One Bank Knows Who Was ‘Responsible’ For The August Emerging Market Bloodletting

August was a rough month for emerging markets. If you need the details on that, you’re encouraged to check out “Battered And Bruised After Rough Month, Emerging Markets Warily Eye The Road Ahead“, published here on Friday evening.

It’s difficult to disentangle this situation. There’s a bit of a chicken-egg problem at play. Obviously, Jerome Powell was incorrect when he said the following at an IMF/SNB event in May:

There is good reason to think that the normalization of monetary policy in advanced economies should continue to prove manageable for EMEs. Markets should not be surprised by our actions if the economy evolves in line with expectations.

Suffice to say the ongoing normalization of Fed policy has not proven to be entirely “manageable” for EMEs. As far as whether developing economies are “surprised” by the Fed’s actions, I think the more relevant question is this: Are EM policymakers surprised at the Fed’s apparent unwillingness to account for the interplay between current fiscal policy and U.S. monetary policy when it comes to driving the dollar higher? My guess would be that the RBI’s Urjit Patel and Bank Indonesia’s Perry Warjiyo are indeed at bit incredulous in that regard.

But getting back to the chicken-egg problem, it’s not entirely clear which has been more detrimental to EM sentiment, the acute flareups in Argentina and Turkey or the more general problem that comes along with the external shock from tighter Fed policy. Indeed, if you zoom in on Argentina and Turkey, it’s hard to say whether the collapse of the peso and the lira represent the culmination of structural problems or whether they were simply the wobbliest dominos in a space that was vulnerable to the reversal of the global hunt for yield.
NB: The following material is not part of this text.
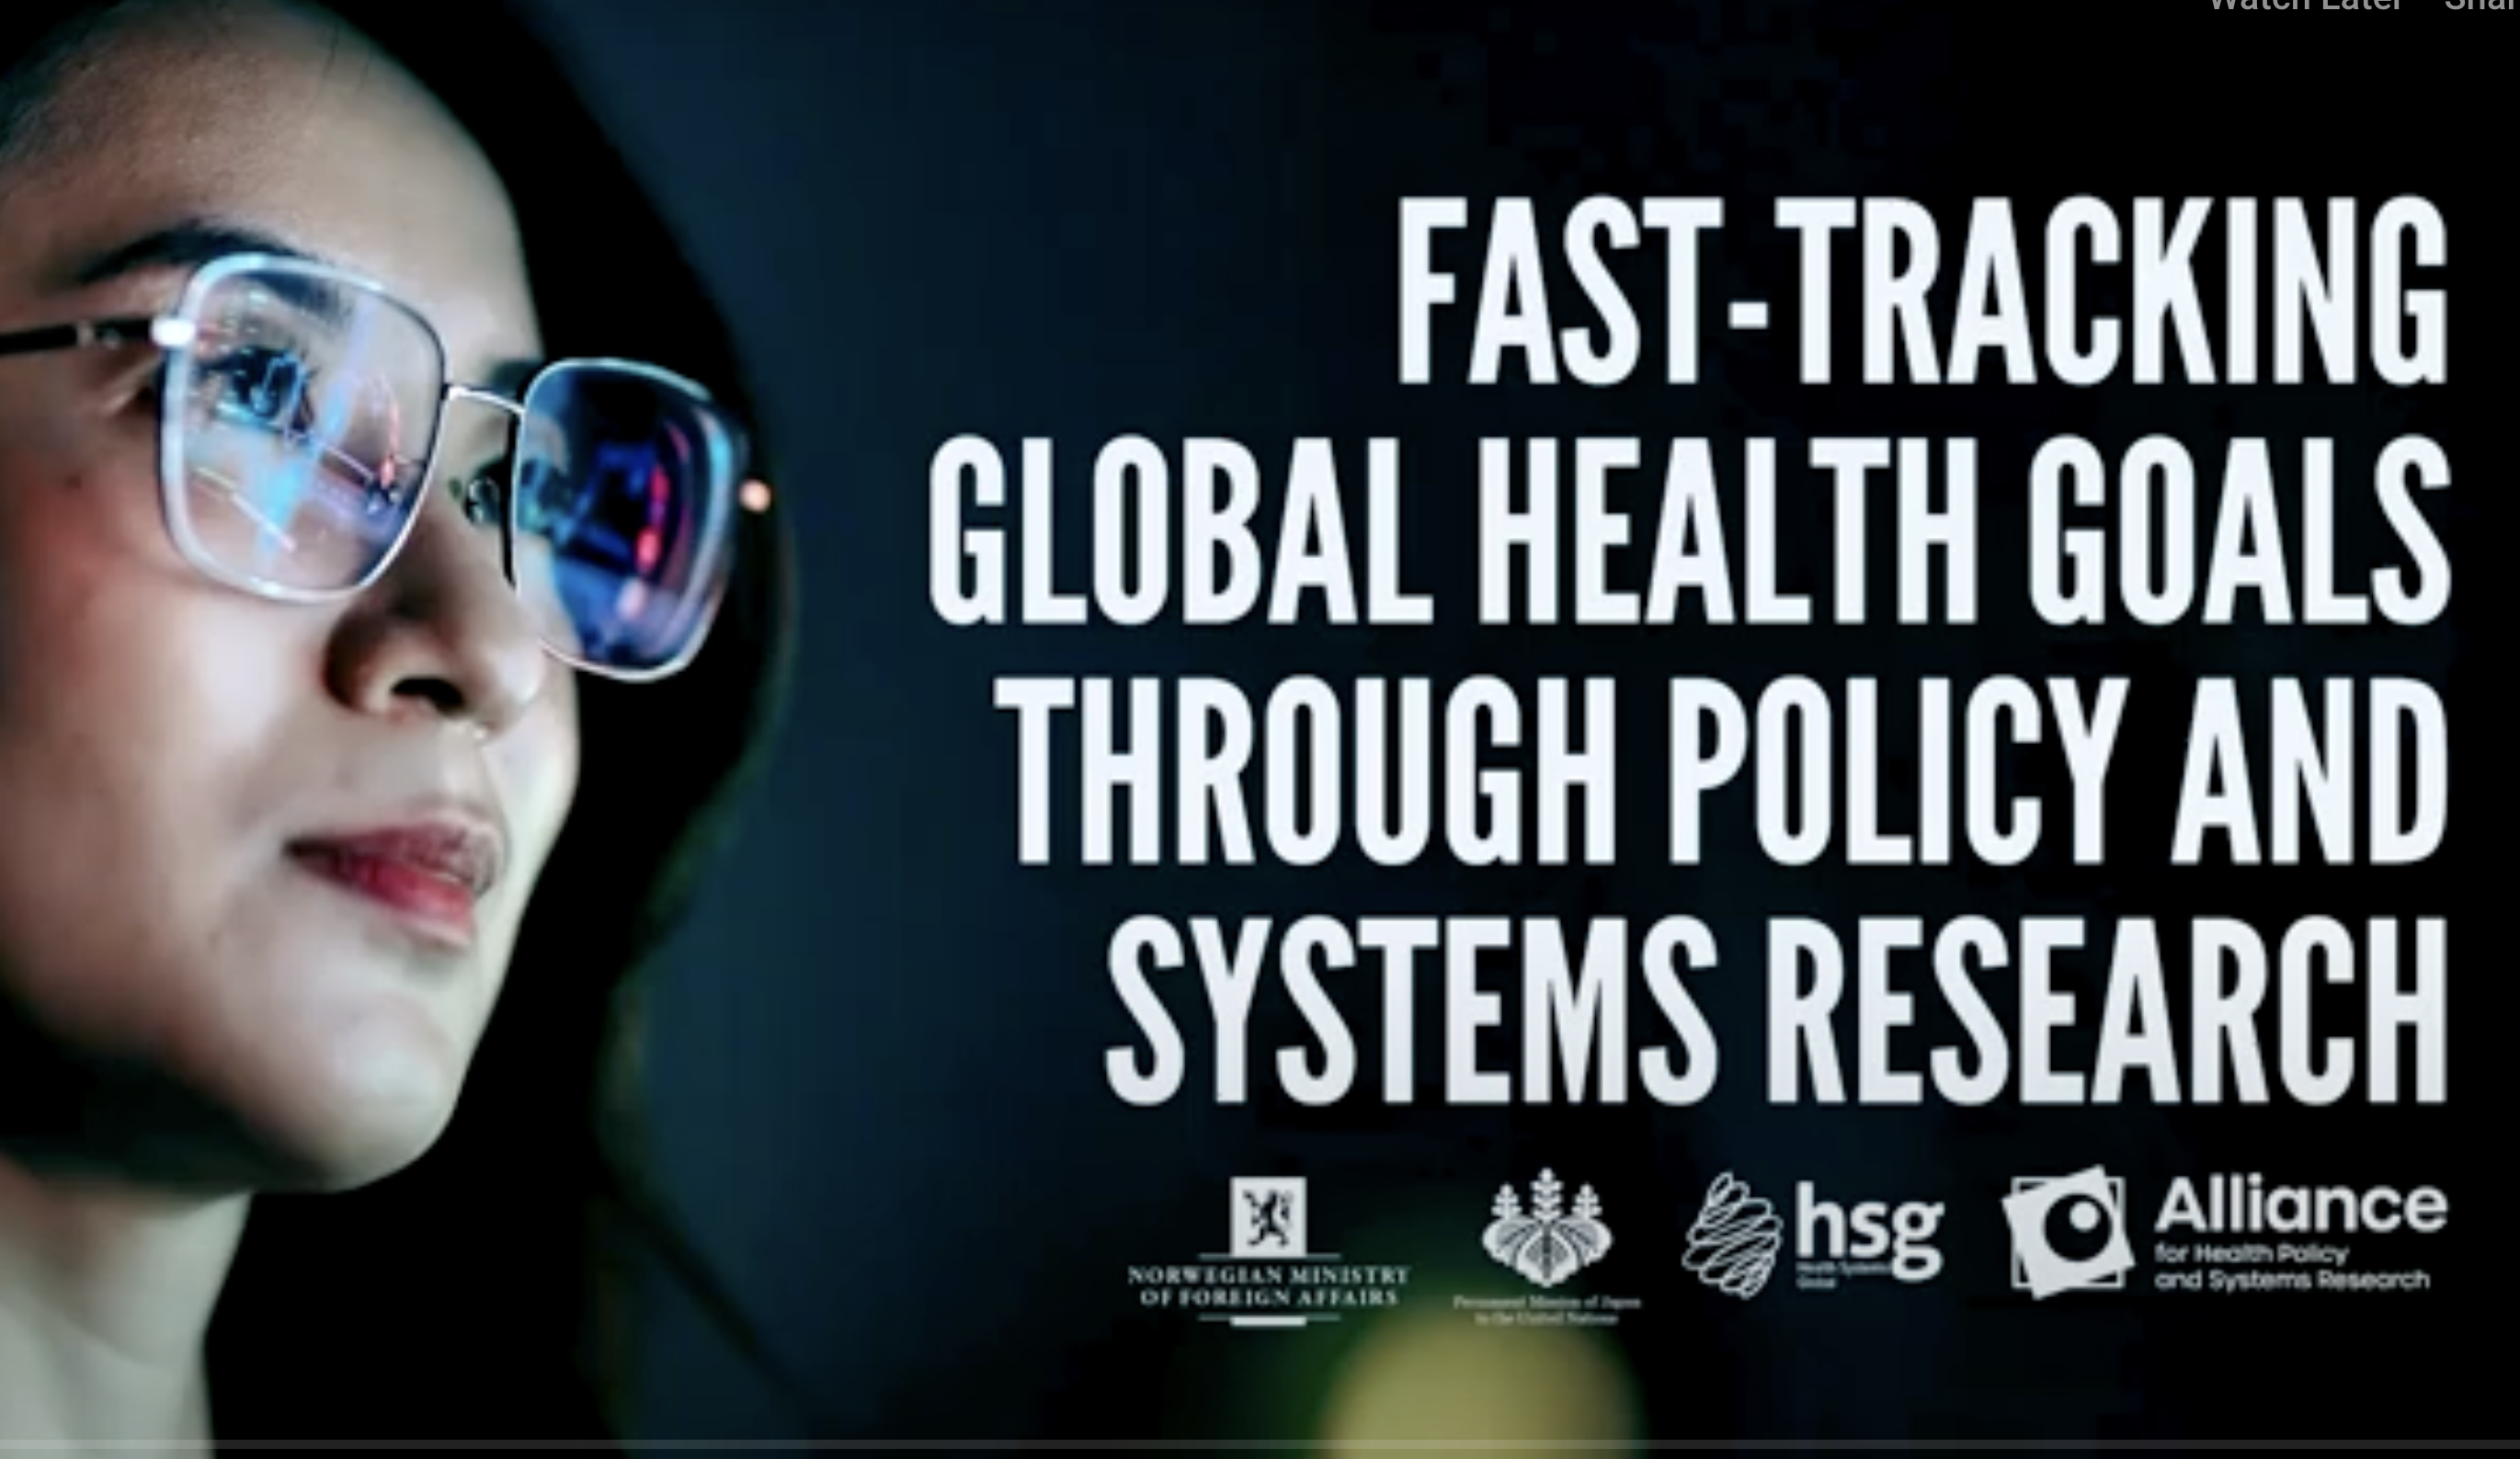 Acto paralelo de la 78ª AGNU: Acelerar la consecución de los objetivos sanitarios mundiales mediante la investigación sobre políticas y sistemas sanitarios

Whatever the case, we’ve got a problem on our hands with EM. Equities fell into a bear market last month and the currency space was a veritable bloodbath in August.
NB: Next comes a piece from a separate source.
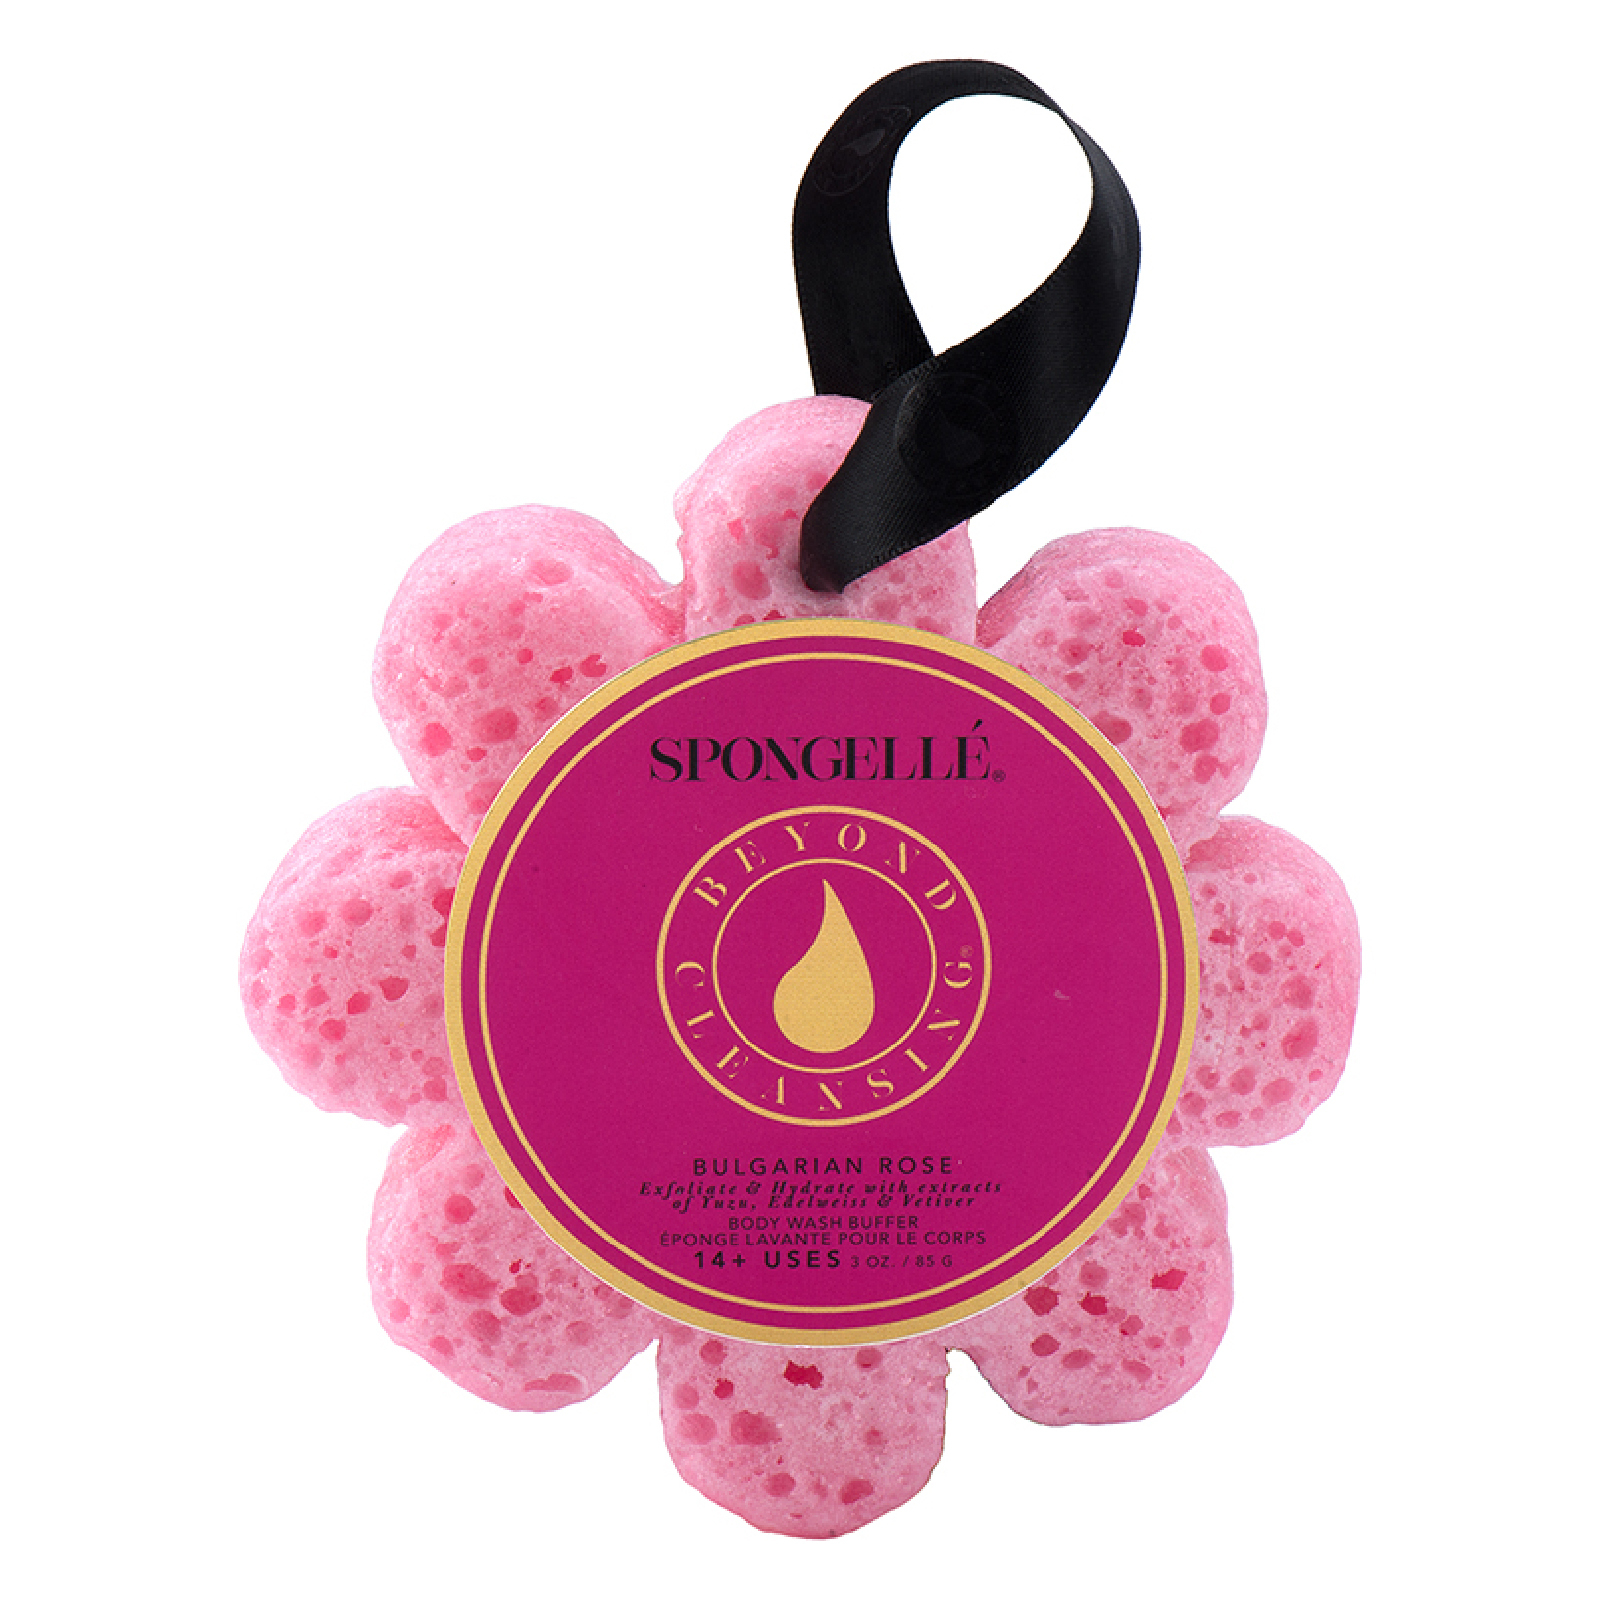 Esponja con jabón corporal perfumado en forma de flor de Spongellé - Rosa búlgara

One natural question after August is this: Who was selling?

Well, if you ask JPMorgan, the answer is the institutional crowd. “On our metrics EM local currency bond managers appear to have been mostly responsible for the recent EM correction”, the bank’s Nikolaos Panigirtzoglou writes, in a note dated Friday.
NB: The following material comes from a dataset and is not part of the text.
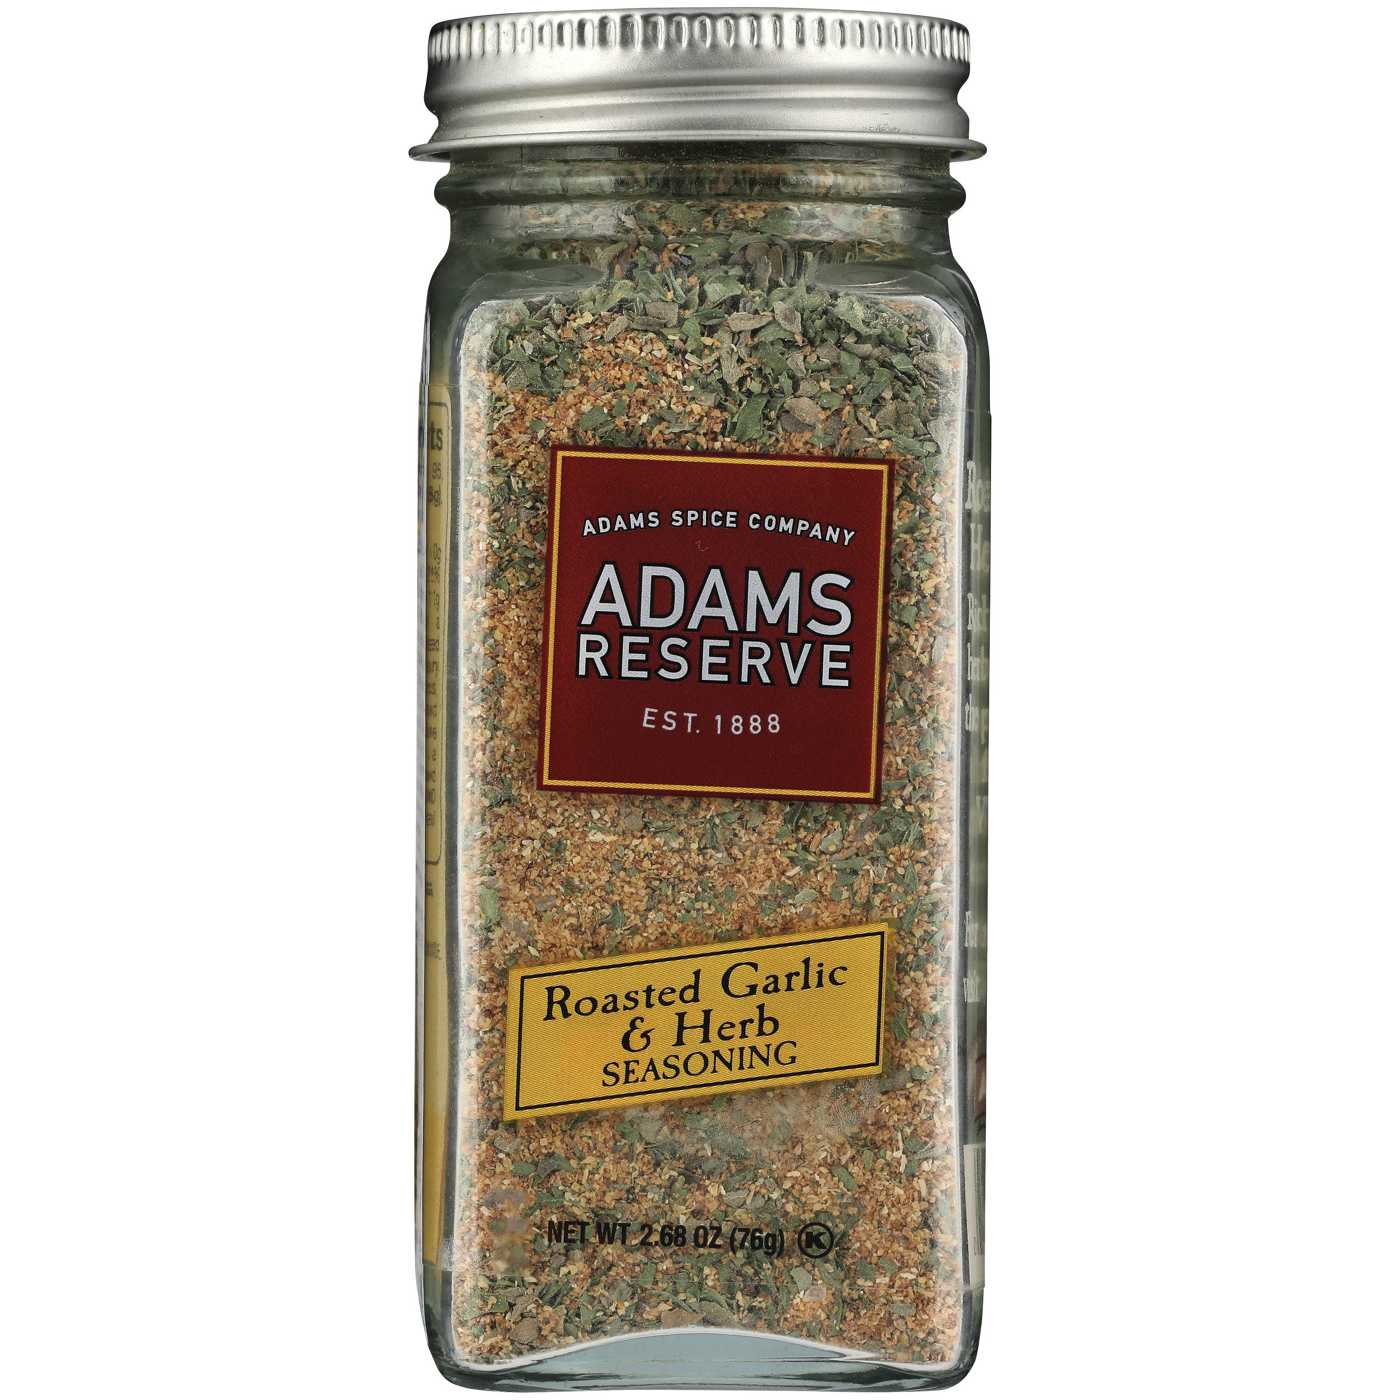 Adams Reserve Roasted Garlic & Herb Seasoning; image 1 of 2

According to JPMorgan’s estimates, local currency active bond funds were overweight going into July and that exposure increased throughout the month. That, the bank says, left local currency bonds and EM FX vulnerable headed into last month.

“Figure 2 shows that those local currency bond overweights had reached high levels in July relative to their average over the past five years [but] the increase seen in July appears to have been unwound abruptly in August”, Panigirtzoglou writes, adding that “in fact, not only does Figure 2 suggest that EM local currency bond managers have reversed July’s OW, but it also suggests that this reversal during August has been so acute that they likely entered capitulation territory.”



The bank goes on to say that when it comes to hard currency bonds, managers actually turned overweight in August, while EM equity managers who flipped to overweight in July pared their exposure a bit last month, but not anywhere near what you see in the local currency fixed income space (chart above).

Retail investors, on the other hand, don’t look to have done much at all on a net basis. “Figure 6 shows that EM bond ETFs resumed small outflows in August following a modest inflow in July [while] EM equity ETFs saw an inflow in August following a flat July and strong outflows in May and June”, Panigirtzoglou continues, on the way to concluding that “it looks like retail investors were not the ones responsible for the EM correction in August.”



So place the blame with institutional investors if you like and add a jump in short interest in the largest EM local currency bond ETF for good measure when it comes to flagging signs of capitulation in local currency debt.



What does it all mean? Well, according to Panigirtzoglou, it means this:

In all, there is evidence of capitulation in EM local currency bond space. In contrast, active EM equity and hard currency bond fund managers continued to exhibit rather elevated betas during August, suggesting that the EM equity and hard currency bond universes are more vulnerable in the event of re-escalation in the US-China trade conflict into September.

Given that, it’s a good thing there are no indications that another escalation between Washington and Beijing might be imminent.